Ingredients Nutrition


  1. Preheat oven to 400°F
  2. Cut the fresh tomatoes in half and squeeze out the majority of the seeds. Cut the red onions in coarse pieces or wedges. Remove seeds from the bell pepper and cut it into 4 pieces.
  3. Pour the canned tomatoes into a baking tray. Add the onions to the baking tray and sprinkle tray with sugar. Put the fresh tomatoes and bell pepper strips into the tray, skin side up. Sprinkle the vegetables with salt, pepper, and dried basil. Drizzle with olive oil. Place the garlic cloves on top.
  4. Roast the vegetables for 45-55 minutes until tender. Remove vegetables from the oven and reduce oven temperature to 350F (for baking the final dish later). Let the vegetables cool slightly. Peal off the blackened parts of the bell pepper and the onions, and squeeze the garlic cloves out of their skins.

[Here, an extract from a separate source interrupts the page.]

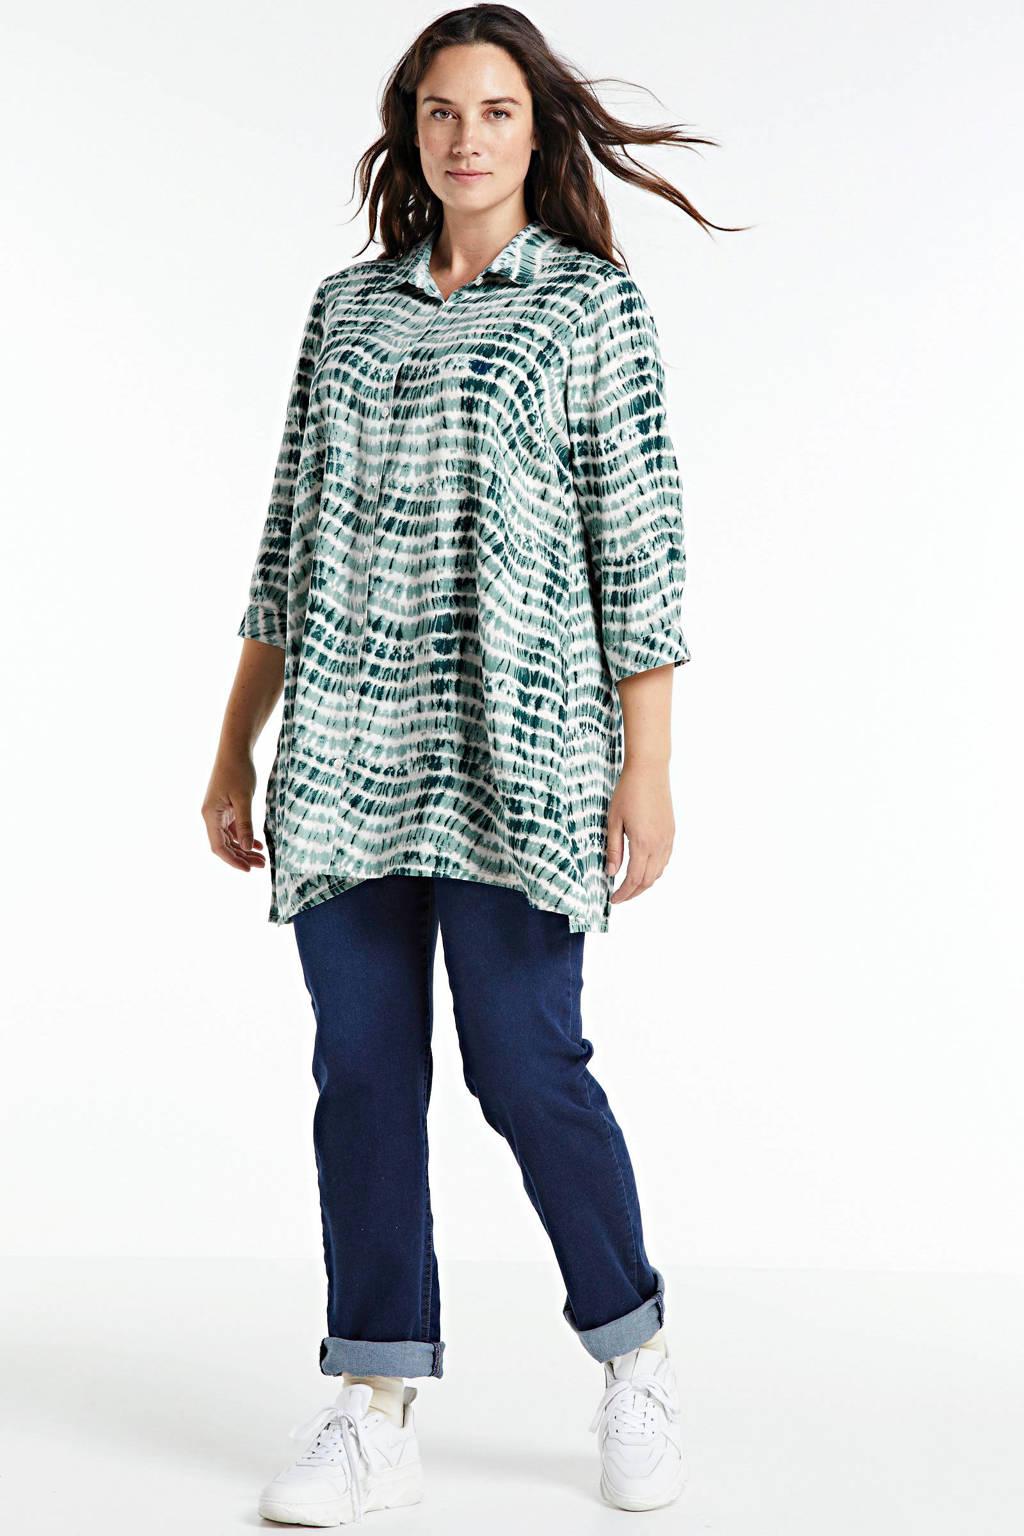 Zhenzi tie-dye blouse KRUS 545, Lichtblauw/donkerblauw/wit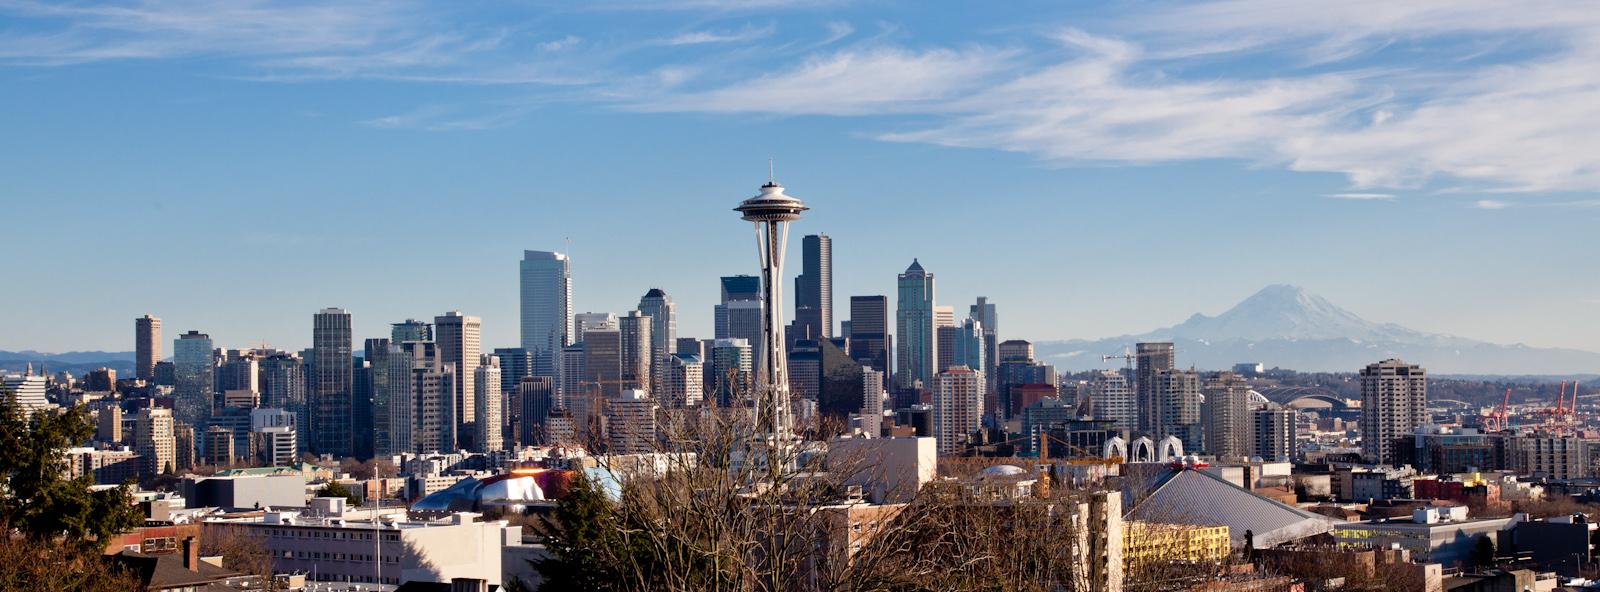 Seattle Skyline. Photograph by Kenneth Lu

  5. Transfer the vegetables to a food processor and process until smooth.
  6. Season the ground beef with salt, pepper, and nutmeg. Brown the ground beef, while cooking the pasta according to the package directions.
  7. Drain any fat from the beef, then add the vegetable sauce. Finely mince the fresh basil and stir into the sauce. If the sauce is too thick, add a small amount of the pasta water.
  8. Drain the pasta. Add the pasta to the sauce, mix quickly, and then pour the entire mixture into a 9x11 inch baking pan.
  9. Mornay Sauce: Melt the butter, then add the flour and cook for a minute, but don't let it brown! Pour in one cup of milk and whisk vigorously. The sauce will thicken slowly. Add more milk until you have a consistency you like (about 1/2 c). Season with salt, pepper, and nutmeg/mace. Add 5-6 tbsp parmesan. Simmer the sauce over very low heat for 2-3 minutes.
  10. Pour the Mornay sauce over the pasta and sprinkle with a little extra parmesan.
  11. Put pan into 350F oven and bake for 30 minutes, until the pasta is bubbly and the sauce is golden brown.